- Directed by: Costa Botes
- Produced by: Costa Botes
- Starring: Andrew Johnstone
- Cinematography: Costa Botes
- Edited by: Costa Botes
- Music by: Tom McLeod
- Distributed by: New Zealand Film Commission
- Release date: 31 July 2022;
- Running time: 104 minutes
- Country: New Zealand
- Language: English

= When the Cows Come Home =

New Zealand documentary film

When the Cows Come Home is a 2022 New Zealand documentary film, directed by Costa Botes. The documentary follows Andrew Johnstone and his connection with his cows, Tilly and Maggie. It premiered 31 July at the NZ International Film Festival.
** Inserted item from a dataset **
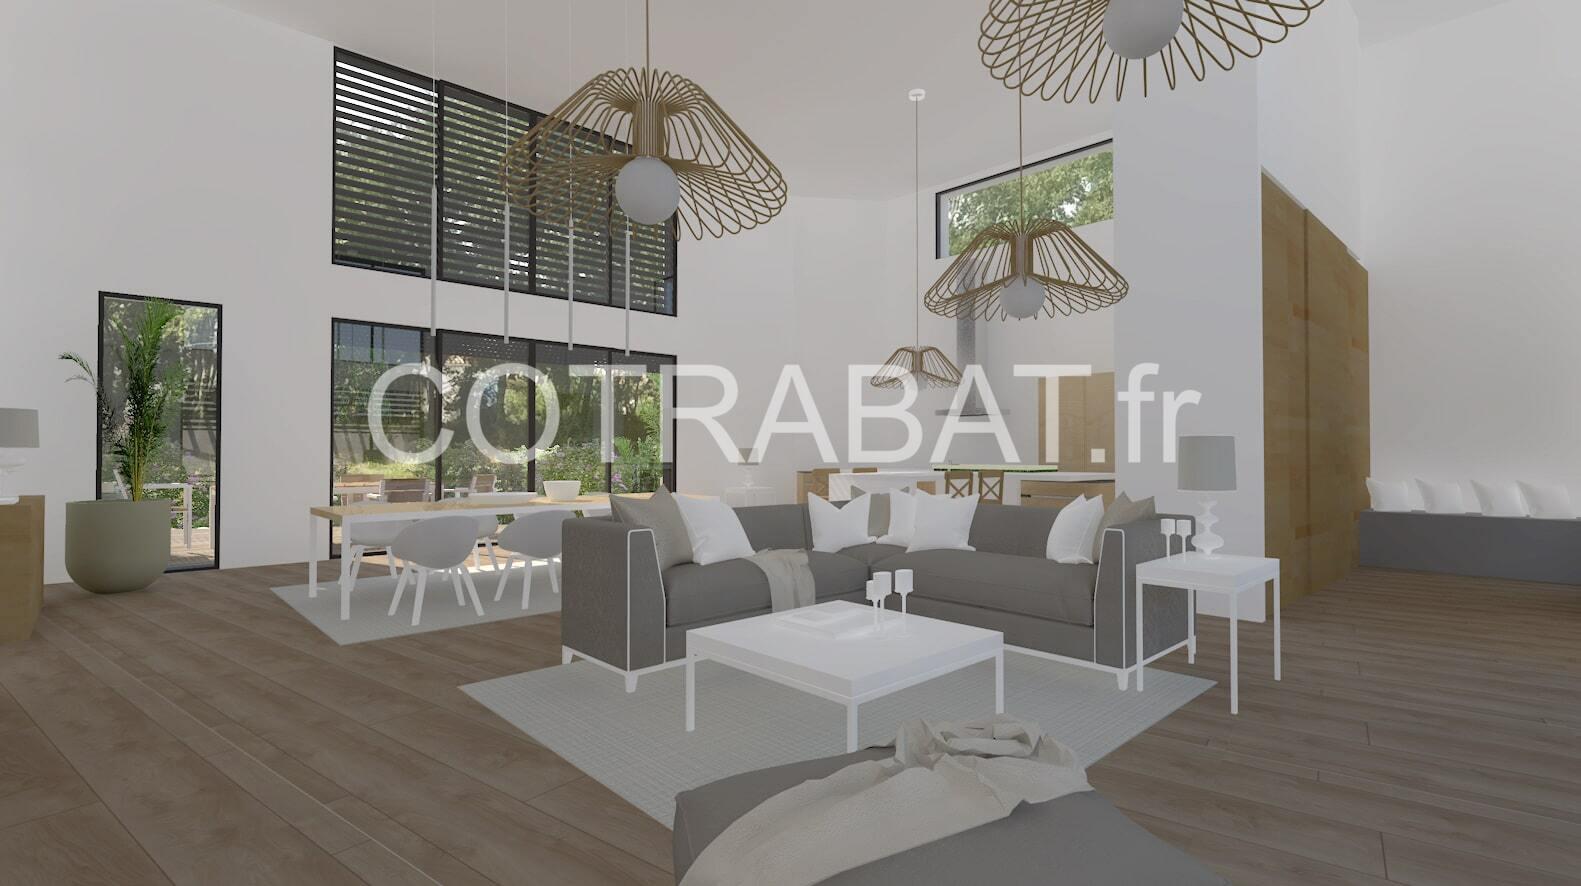 Plan 3D villa Bouliac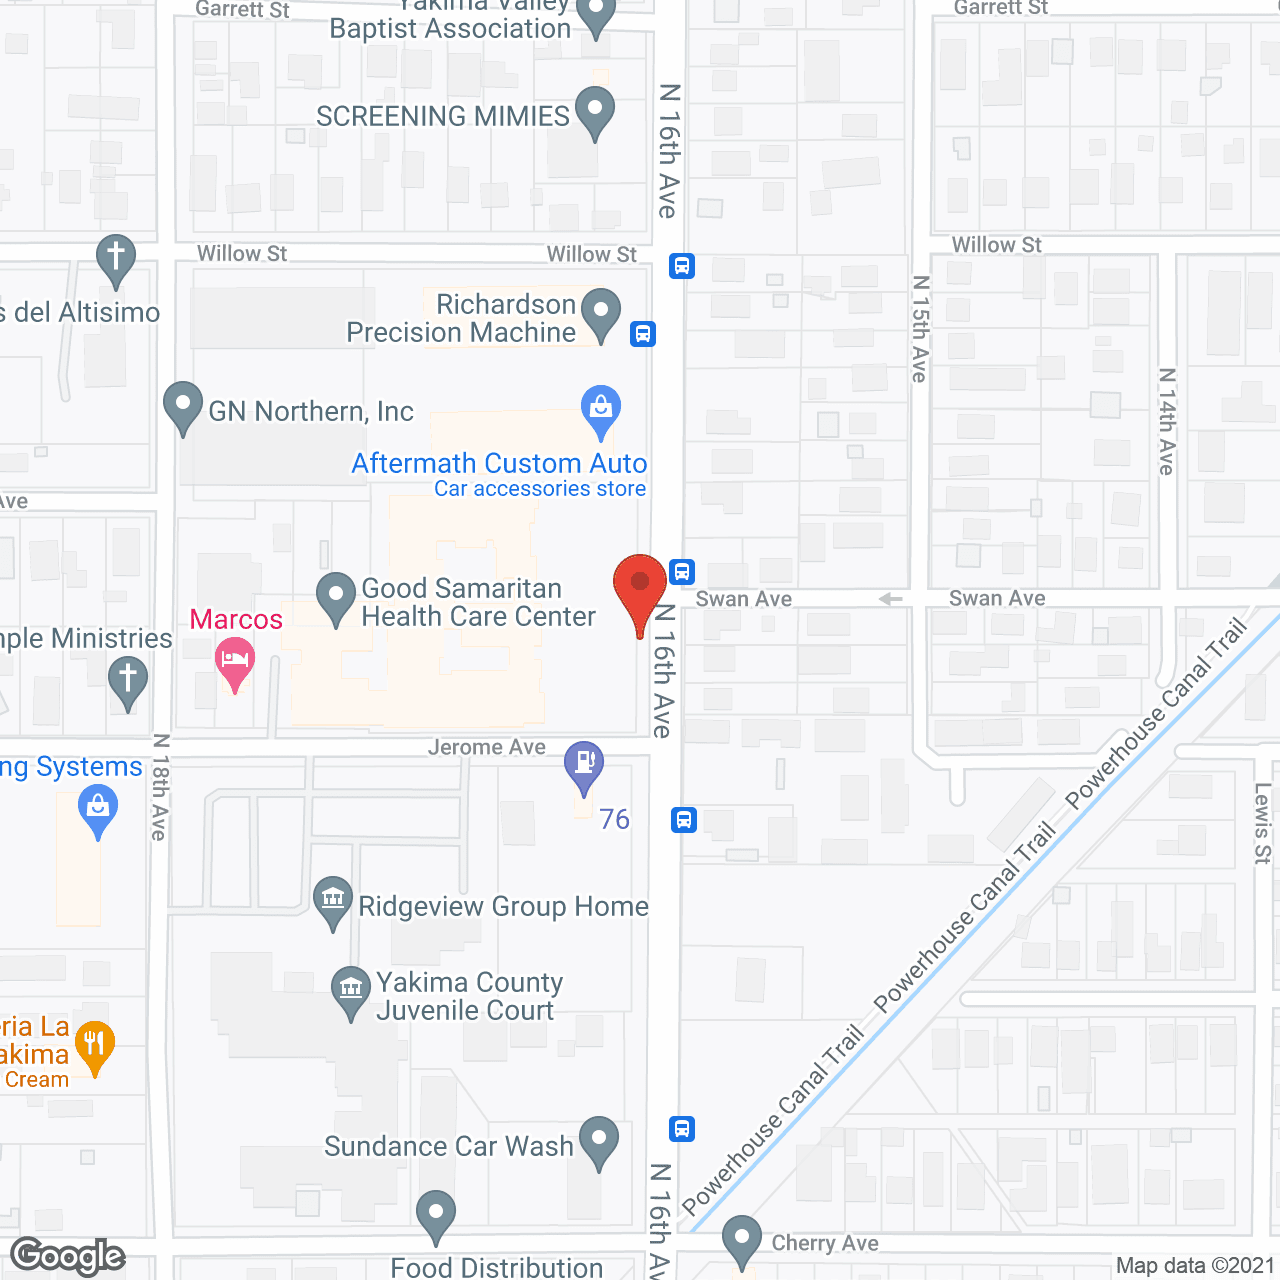 Samaritan House in google map

Botes met Johnstone on Facebook and became interested in his online posts about his farm life. After meeting in person Botes started filming him on his property in the Waikato region.

== Reception ==
Jeremy Quinn of the Otago Daily Times gave it 4 stars and said "DBotes is a skilled and experienced documentarian, and the film is beautifully shot, impressively structured, insightful and touching without being exploitative or manipulative, and dare I say it, inspirational." Graeme Tuckett in the Press gave it 4 1/2 stars and writes "When the Cows Come Home is an appropriately bucolic and unrushed film. It reminded me at times of The Devil and Daniel Johnston. But also of Gunda, that mighty ode to a pig that I still reckon was the best film I saw last year. But mostly I was just grateful that there is still a place in our cinemas and in our consciousness for a story as small — and as universal — as this." On 1 News Richard Martin says"I can't think of anything more quintessentially New Zealand than a farmer who has struggled with mental health issues and whose life is changed by a friendship with some livestock."